WHAT YOU NEED TO DO - Drop the images. Copy every line below character for character.

SUPPLIED INFORMATION -
====

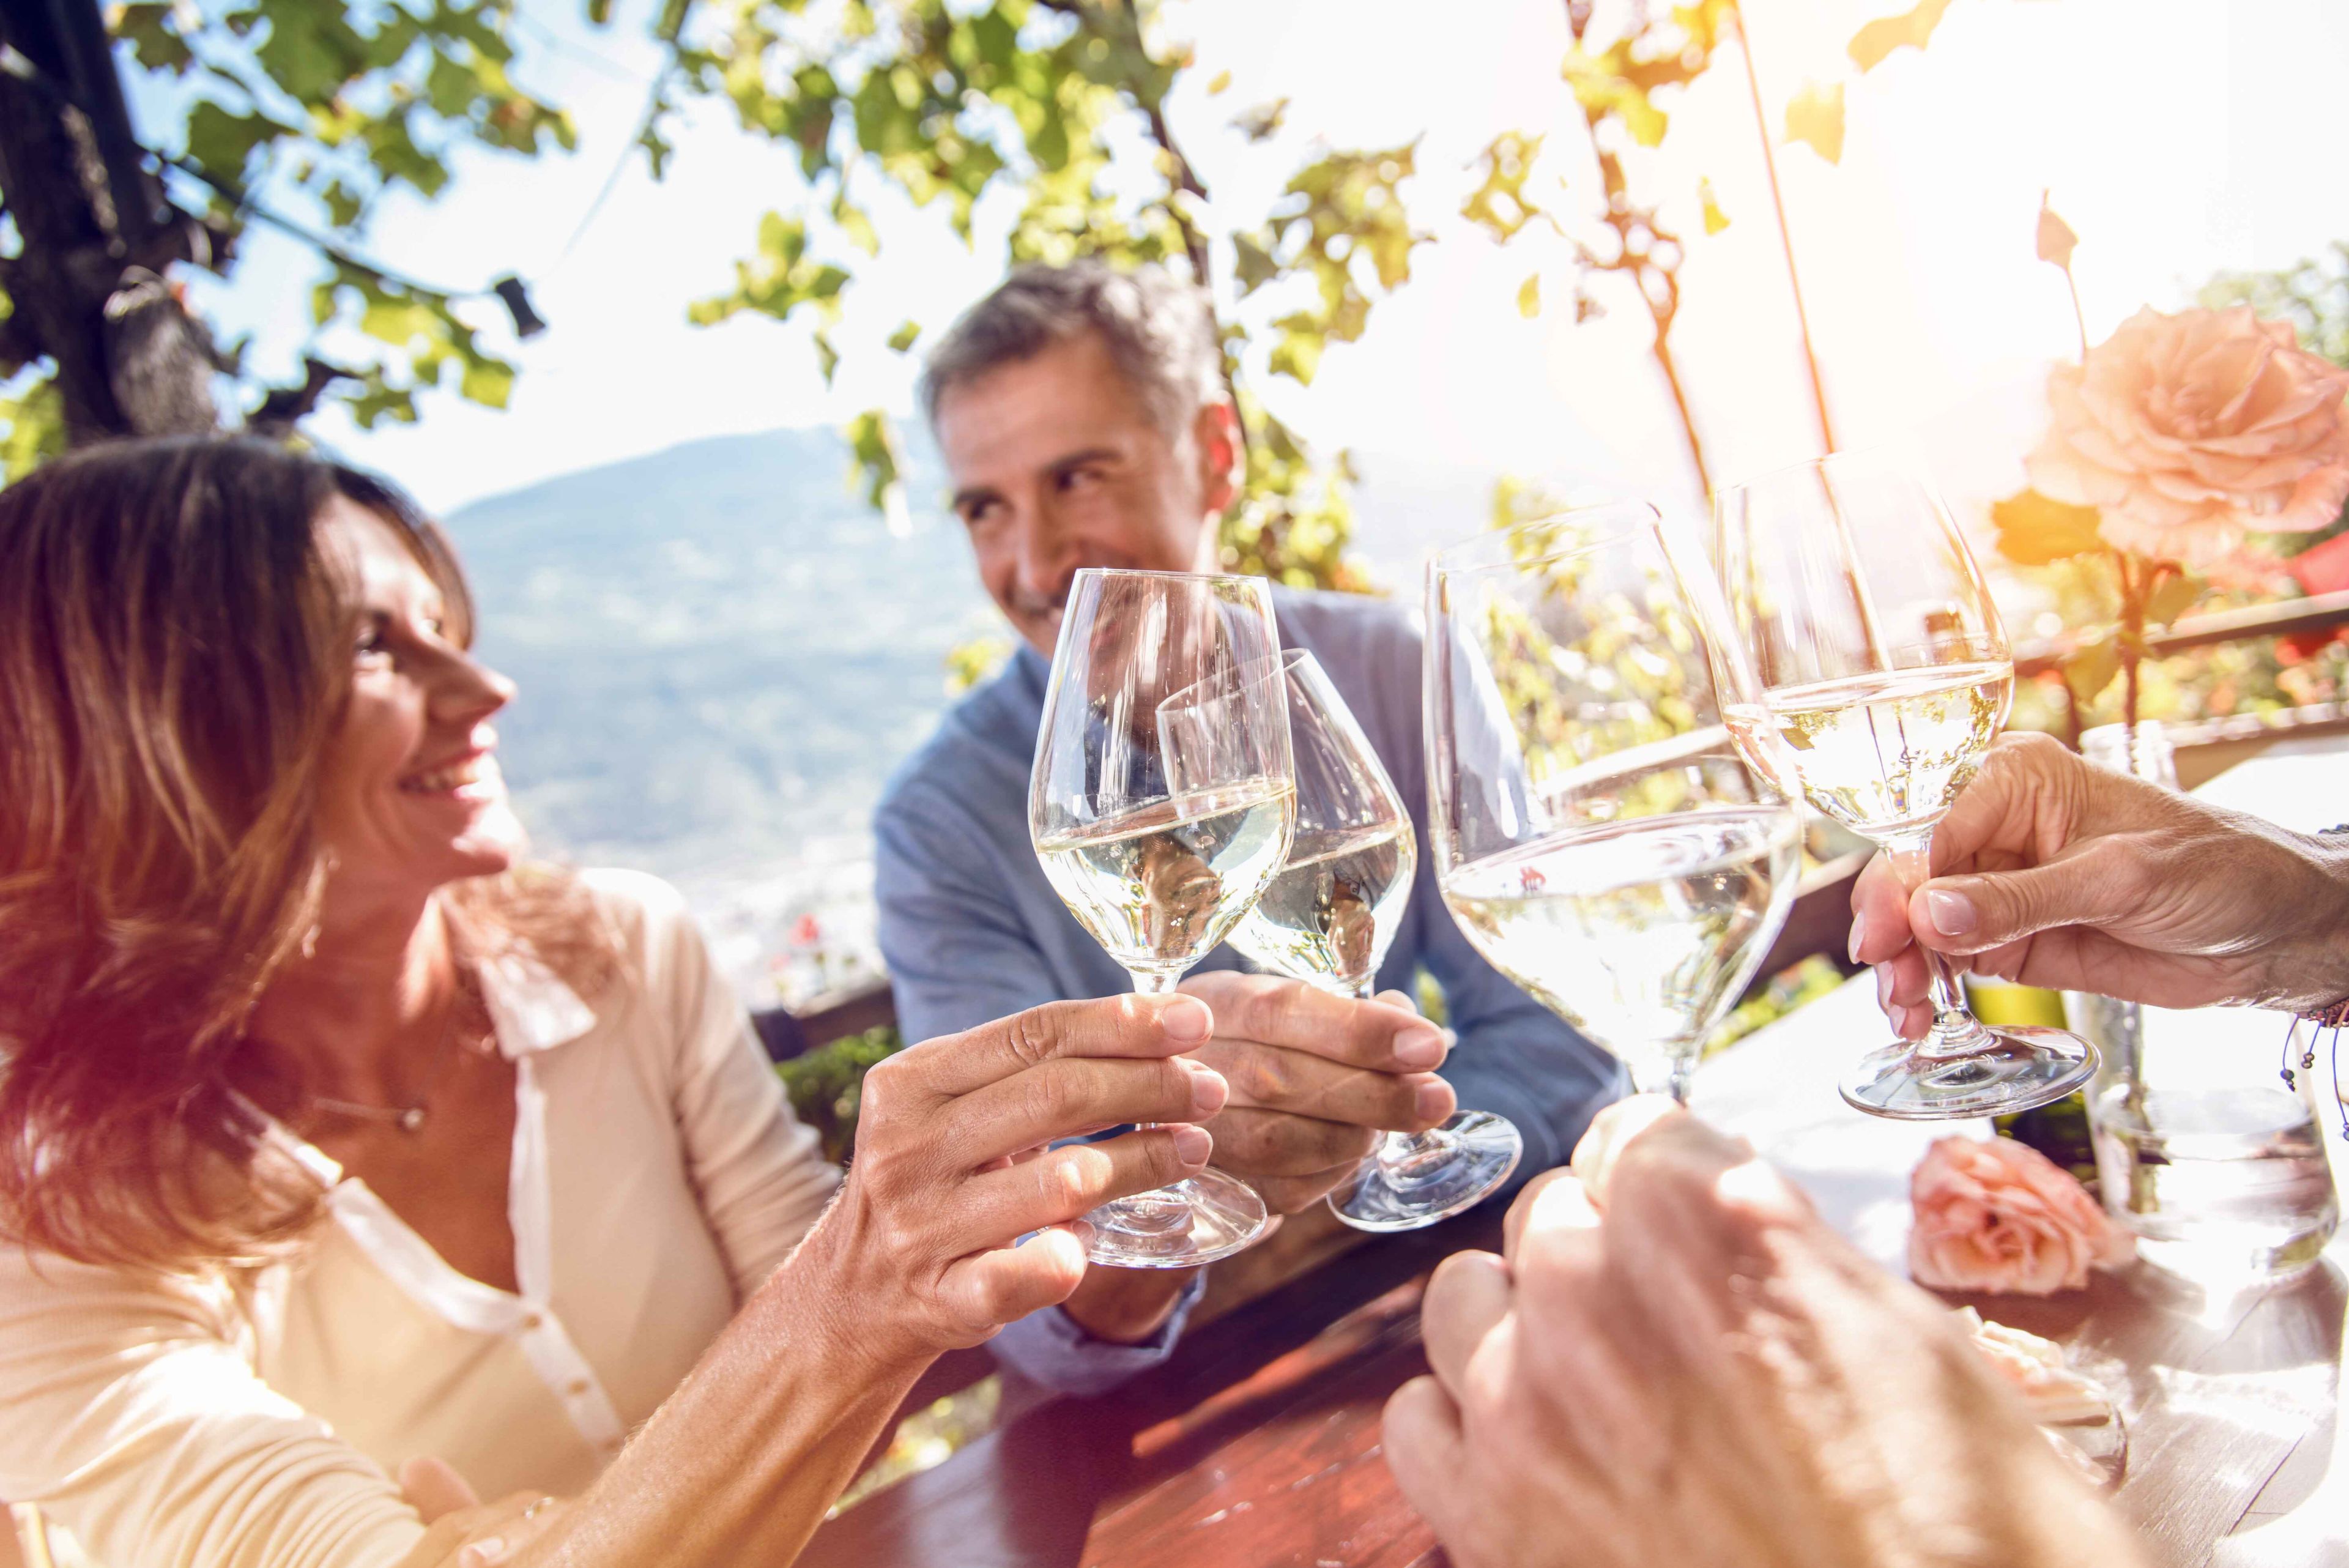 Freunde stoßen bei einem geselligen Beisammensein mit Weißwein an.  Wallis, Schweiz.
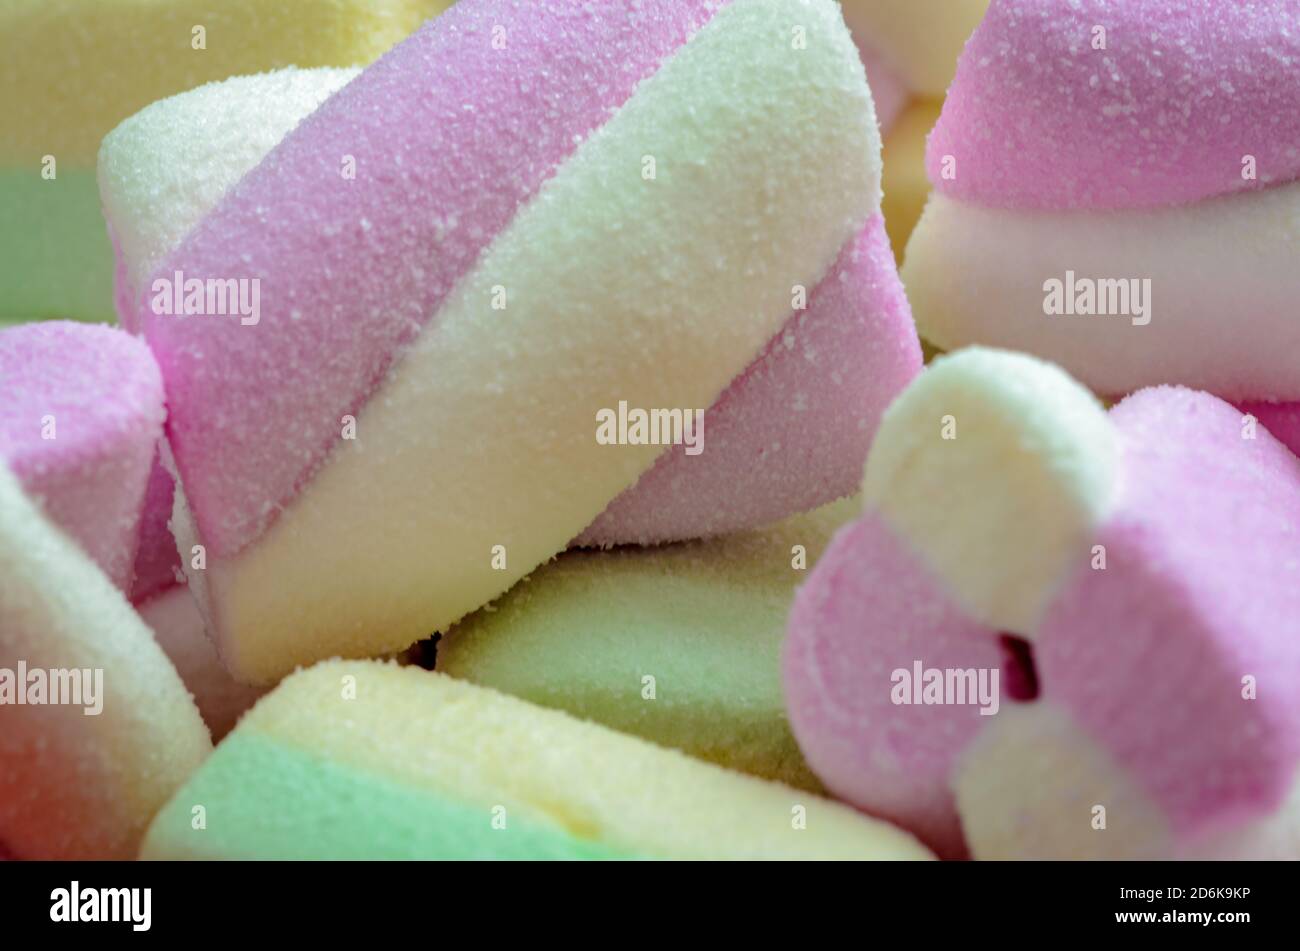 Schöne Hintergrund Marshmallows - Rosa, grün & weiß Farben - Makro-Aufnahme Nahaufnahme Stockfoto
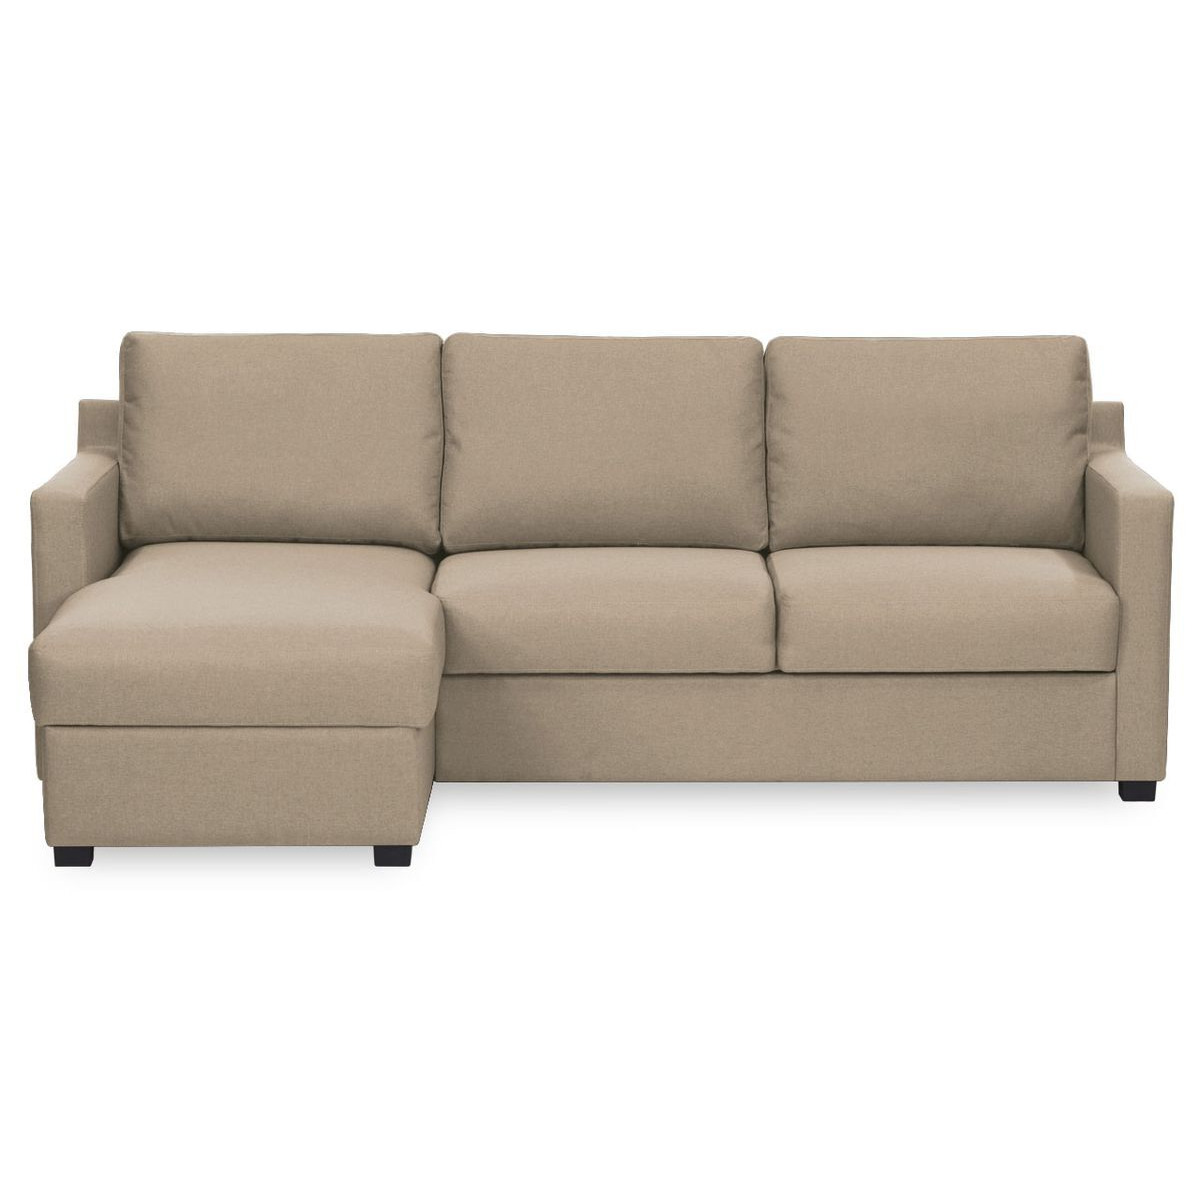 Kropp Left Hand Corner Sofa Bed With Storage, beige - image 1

====

SOLUTION TO THIS TASK -
 Freunde stoßen bei einem geselligen Beisammensein mit Weißwein an.  Wallis, Schweiz.
 Schöne Hintergrund Marshmallows - Rosa, grün & weiß Farben - Makro-Aufnahme Nahaufnahme Stockfoto
 Kropp Left Hand Corner Sofa Bed With Storage, beige - image 1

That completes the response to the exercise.